Information provided:
■ ■ ■ ■ ■ ■ ■

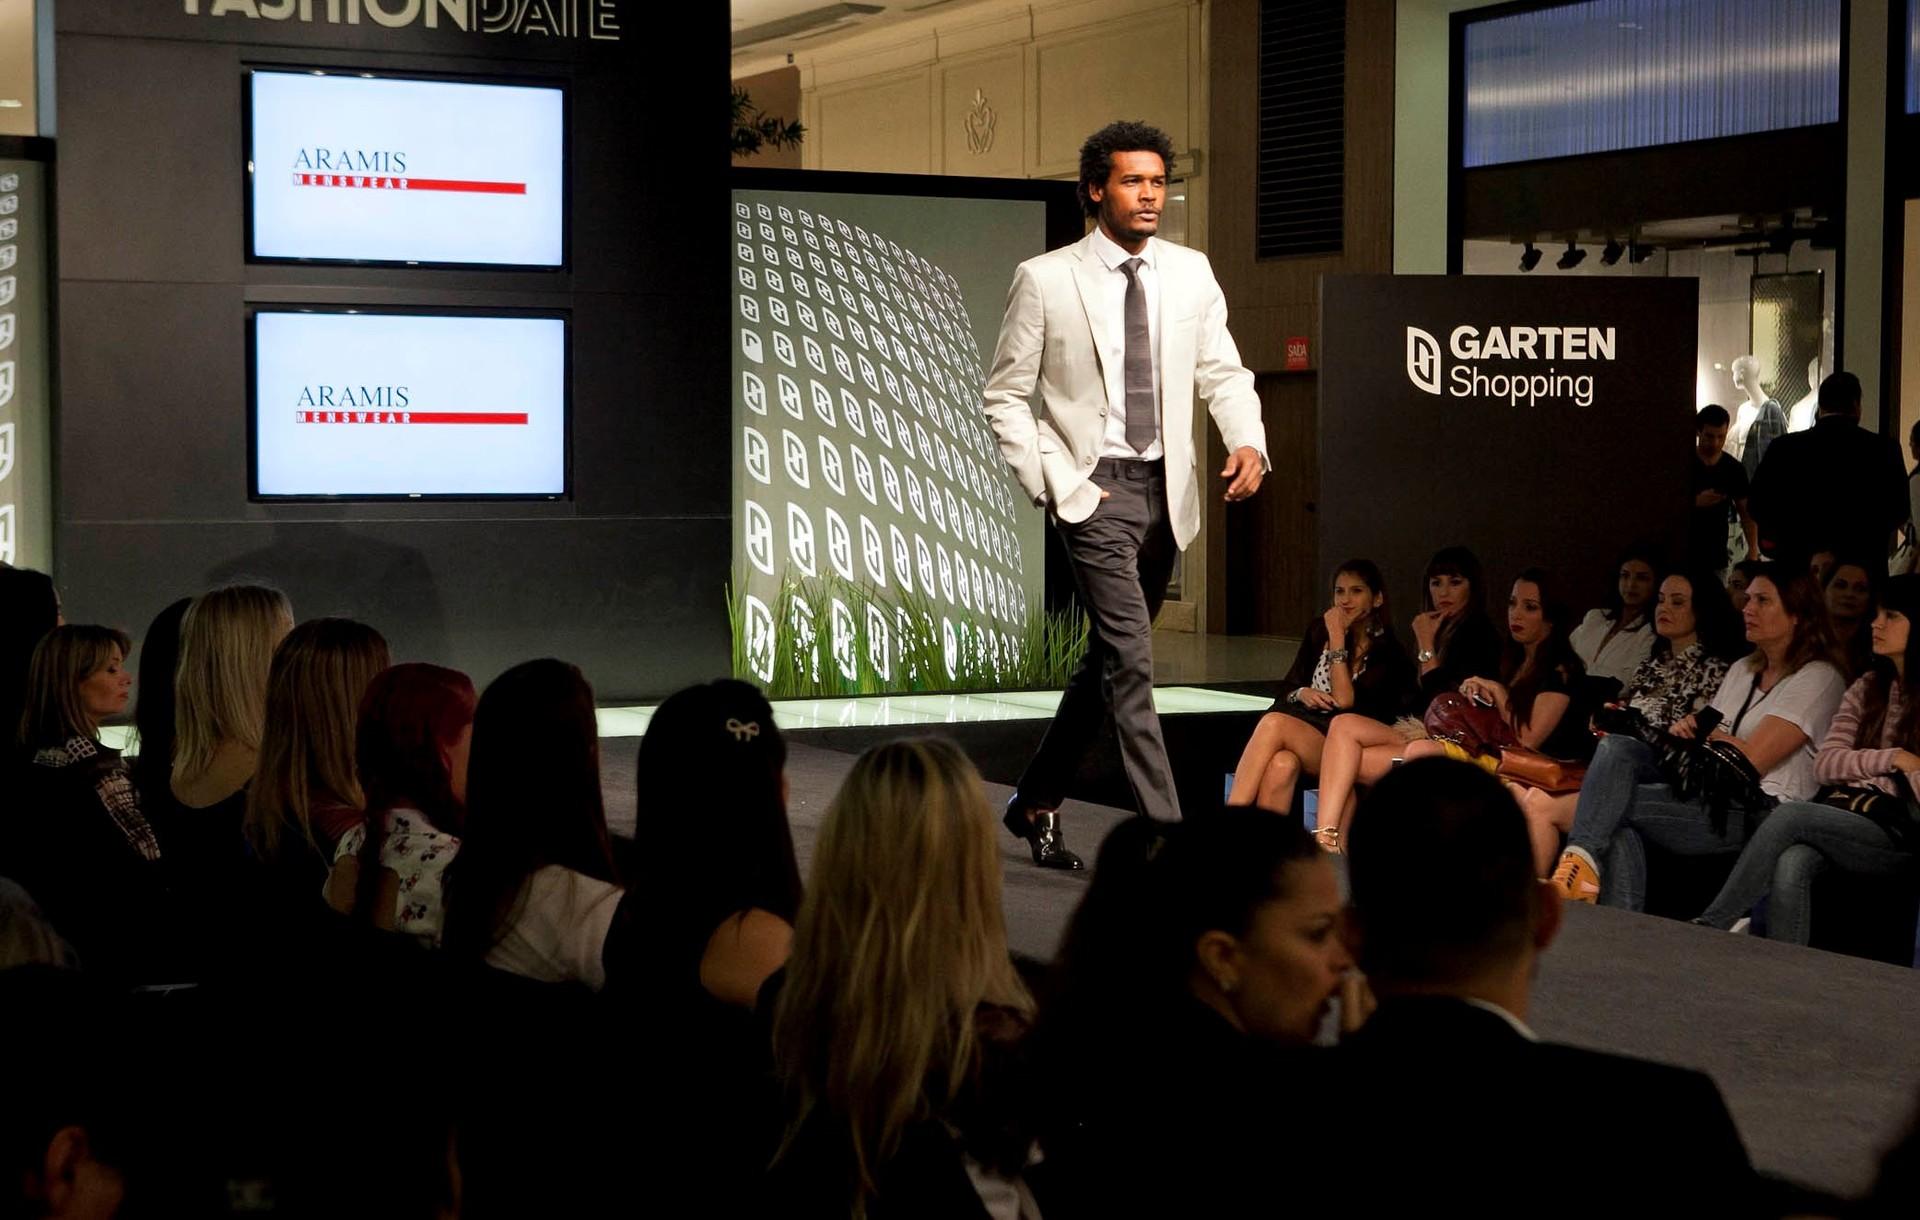 Aramis mostrou tendências para homens (Foto: José Luiz Somensi/Divulgação)
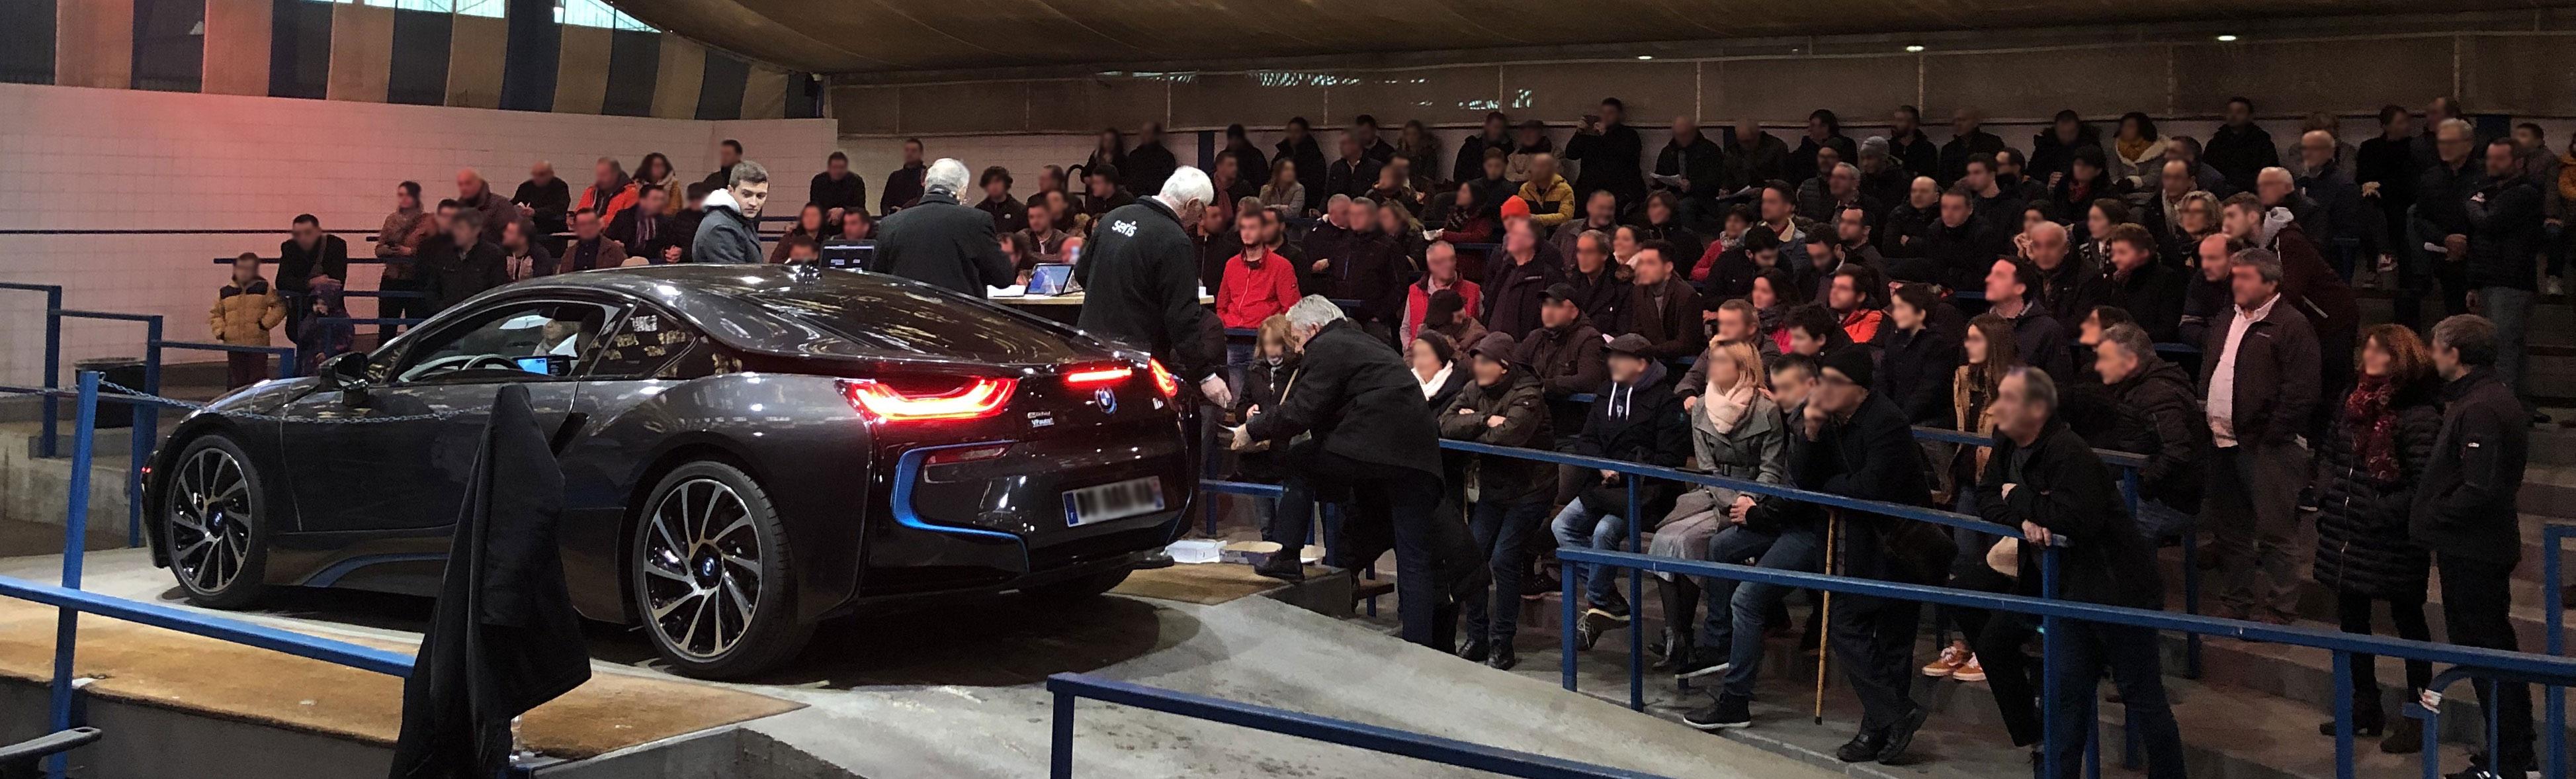 BMW I8 encheres ouverte public
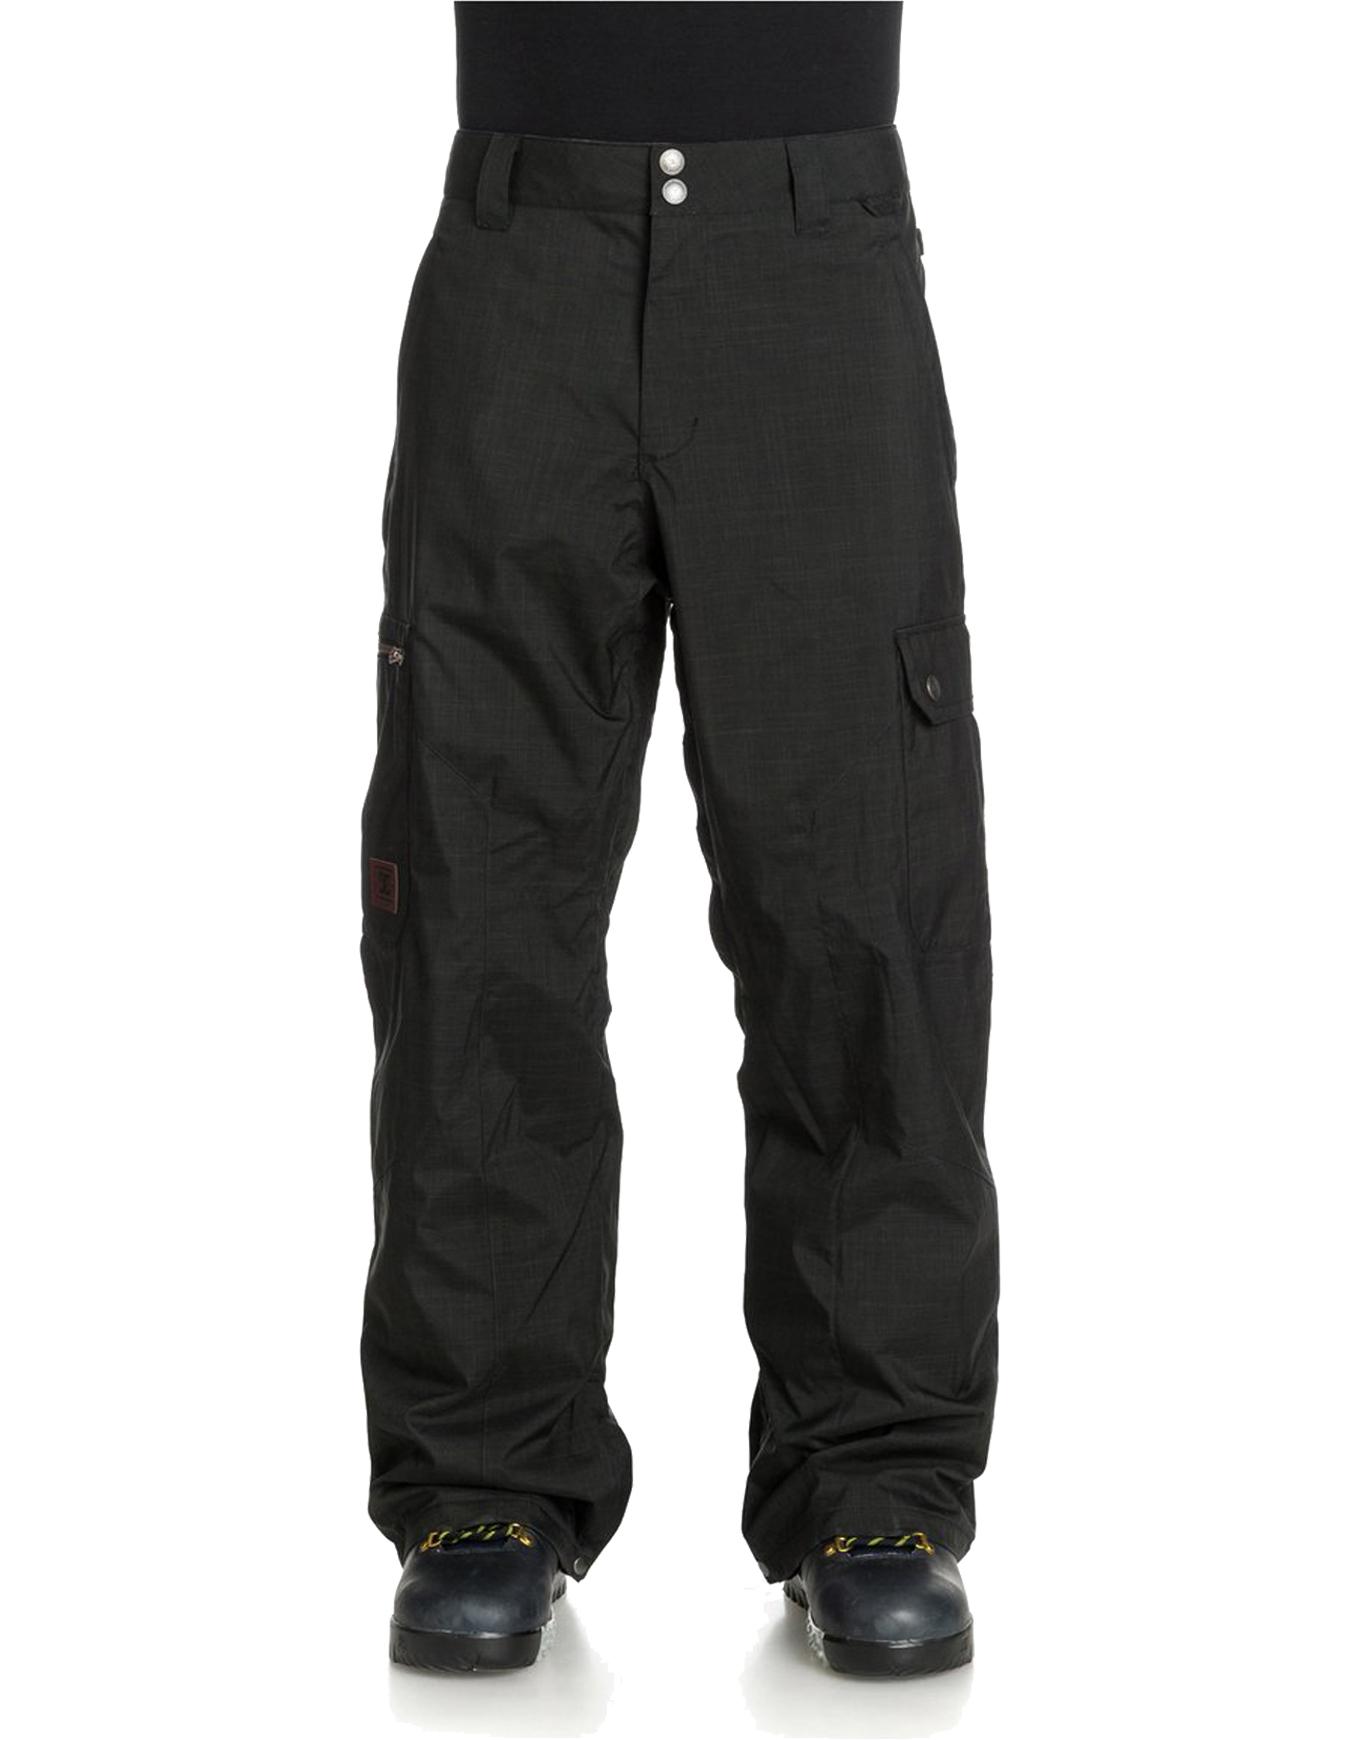 9a7a304c8aa2f Pantalon de ski homme, combinaison ski homme, pantalons snow ...

■ ■ ■ ■ ■ ■ ■

Directions:
Copy the listing in full and without alteration, omitting every picture.

Reply to the task:
 Aramis mostrou tendências para homens (Foto: José Luiz Somensi/Divulgação)
 BMW I8 encheres ouverte public
 9a7a304c8aa2f Pantalon de ski homme, combinaison ski homme, pantalons snow ...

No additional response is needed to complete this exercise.